Я вам уже говорил, мой добрый Трешем, — и для вас это едва ли оказалось новостью, — что главным моим недостатком было непреодолимое болезненное самолюбие, причинявшее мне немало огорчений. Я еще не признался самому себе, что люблю Диану Вернон, но как только Рэшли заговорил о ней как о милой безделушке, валяющейся под ногами, которую он по произволу мог подобрать или оставить на дороге, каждый шаг бедной девушки, в простоте своего чистого сердца искавшей моей дружбы, стал казаться мне самым оскорбительным кокетством. «Вот как! Она, стало быть, думает приберечь меня про запас — на худой конец, если мистер Рэшли Осбалдистон не соизволит сжалиться над нею! Но я ей докажу, что меня не так-то легко завлечь, — она поймет, что я вижу насквозь все ее уловки и презираю их!»

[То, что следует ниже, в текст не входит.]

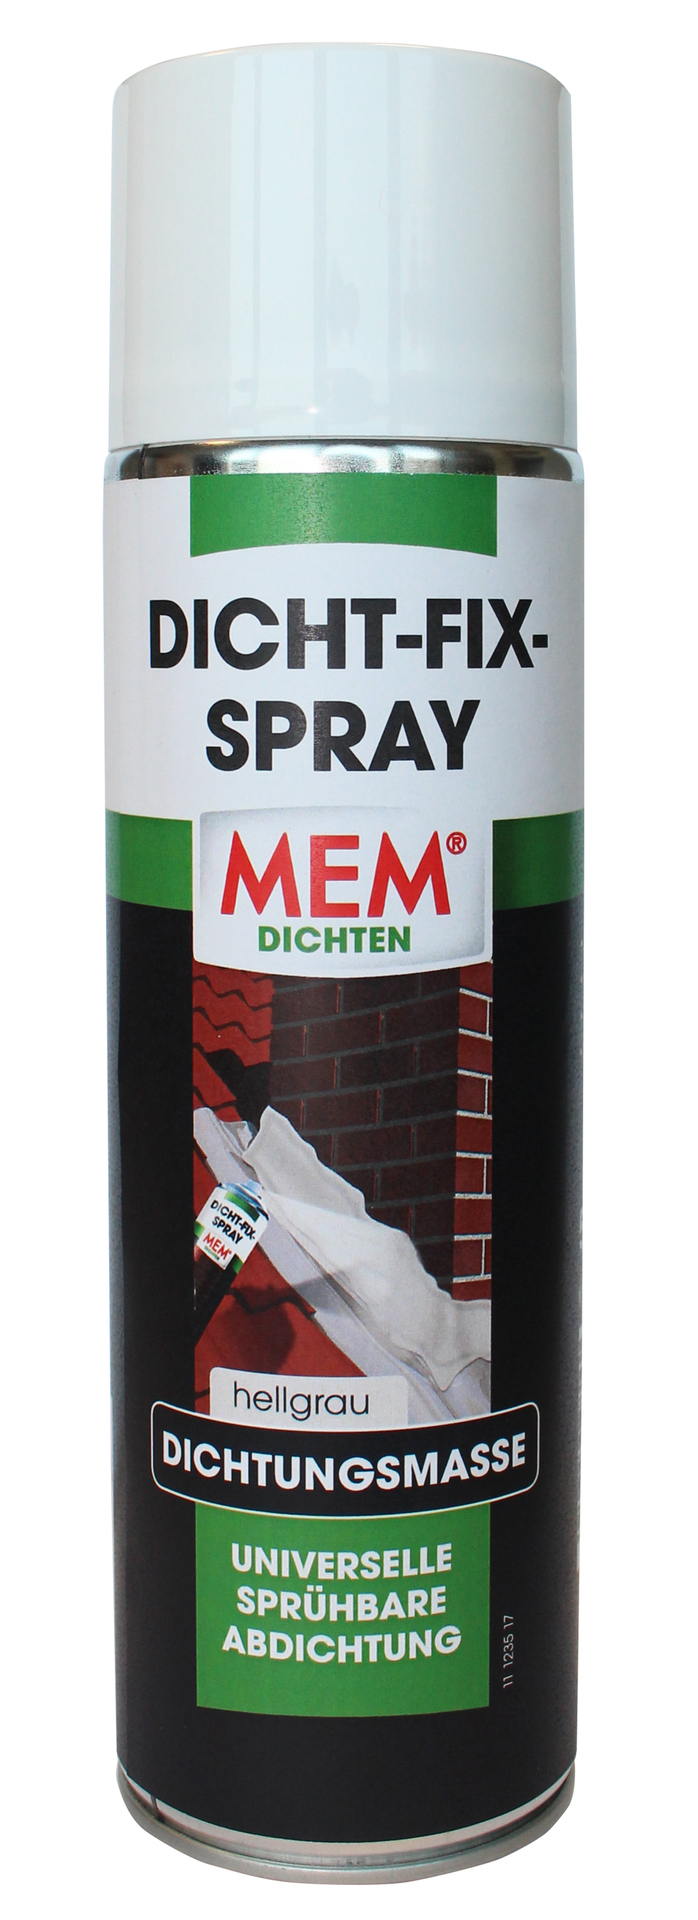 MEM Bauchemie GmbH Dicht Fix Spray 500ml

Ни на миг не пришло мне на ум, что негодовать я не вправе, и если все же негодую — значит, далеко не равнодушен к чарам мисс Вернон. Я сел за стол в озлоблении против нее и всех дочерей Евы.

Мисс Вернон слушала с удивлением мои неучтивые ответы на игриво-насмешливые замечания, которые она роняла со свойственной ей вольностью; однако, не подозревая, что я намеренно стараюсь обидеть ее, она отражала мои грубые выпады шутками в том же роде, но смягченными добрым расположением духа и сверкающими остроумием. Наконец она заметила, что я и впрямь сердит, и на мою очередную грубость ответила так:

— Говорят, мистер Фрэнк, что можно и у дураков поучиться уму-разуму! Я слышала на днях, как наш кузен Уилфред отказался продолжать с кузеном Торни драку на дубинках, потому что Торни разозлился и ударил, кажется, сильней, чем допускают правила этой мирной забавы. «Захоти я всерьез проломить тебе голову, — сказал наш добрый Уилфред, — плевал бы я на то, что ты злишься: мне было бы только легче; но чтоб меня дубасили по башке, а я бы только для виду размахивал палкой — это уж нечестно!» Мораль вам ясна, Фрэнк?

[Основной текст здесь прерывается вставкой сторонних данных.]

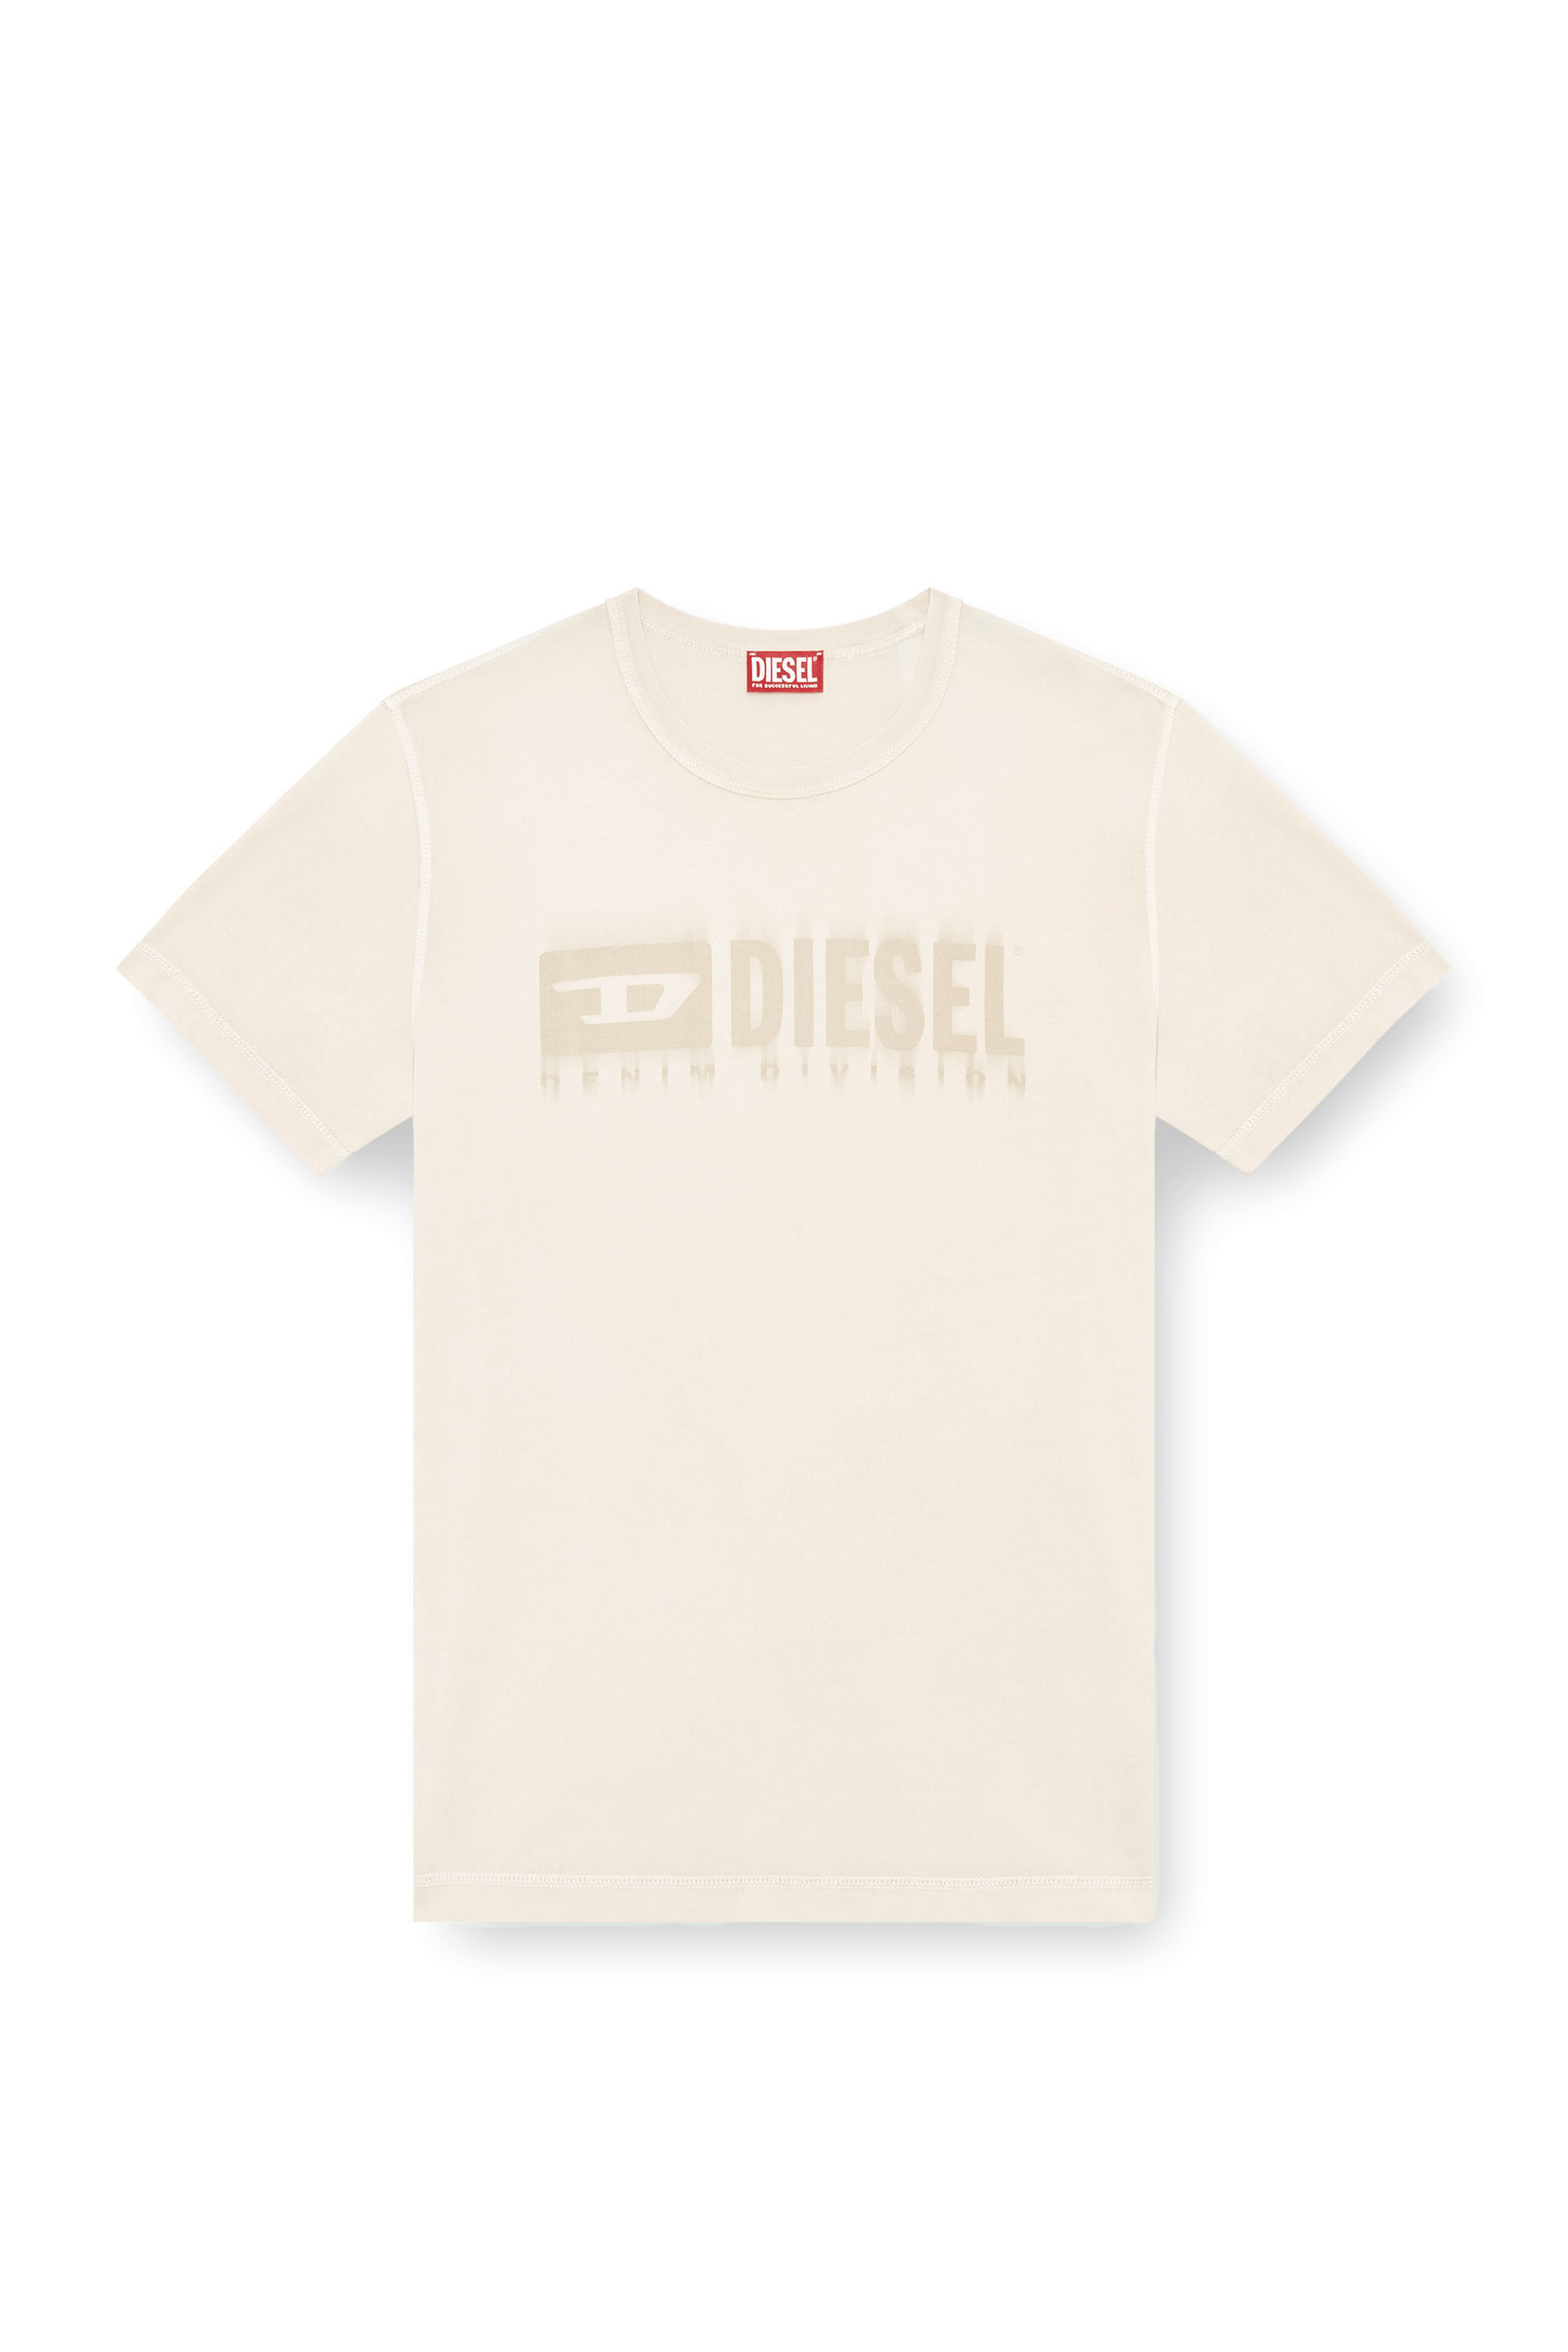 Diesel - T-ADJUST-K4, Hombre Camiseta con tratamiento desteñido por el sol in Beige - Image 2

— До сих пор я не испытывал нужды, сударыня, вылавливать жалкие крохи здравого смысла из речей моих милых сородичей.

— «Не испытывал нужды», «сударыня»! Вы меня удивляете, мистер Осбалдистон.

— Очень сожалею, если так.

— Должна ли принимать всерьез ваш капризный тон? Или вы прибегаете к нему, чтобы тем выше ценили ваше хорошее настроение?

— Вы пользуетесь правом на внимание стольких благородных рыцарей в этом замке, что не стоит вам доискиваться, отчего я не в духе и вдруг поглупел.

— Как! — сказала она. — Неужели вы даете мне понять, что изменили моему знамени и перешли на сторону противника?

Затем, посмотрев через стол на сидевшего напротив нее Рэшли и заметив, что тот следит за нами с напряженным вниманием, отразившимся в резких чертах его лица, она добавила:

О, мысль ужасная!.. Иль это правда? Глядит, угрюмо улыбаясь, Рэшли И указует на тебя: «Мое!»

— Но, слава Богу, мое беззащитное положение научило меня терпеливо сносить многое, и я не обидчива; чтобы мне не пришлось волей-неволей рассориться с вами, я удаляюсь раньше, чем обычно. Желаю вам благополучно переваривать ваш обед и ваше дурное расположение духа.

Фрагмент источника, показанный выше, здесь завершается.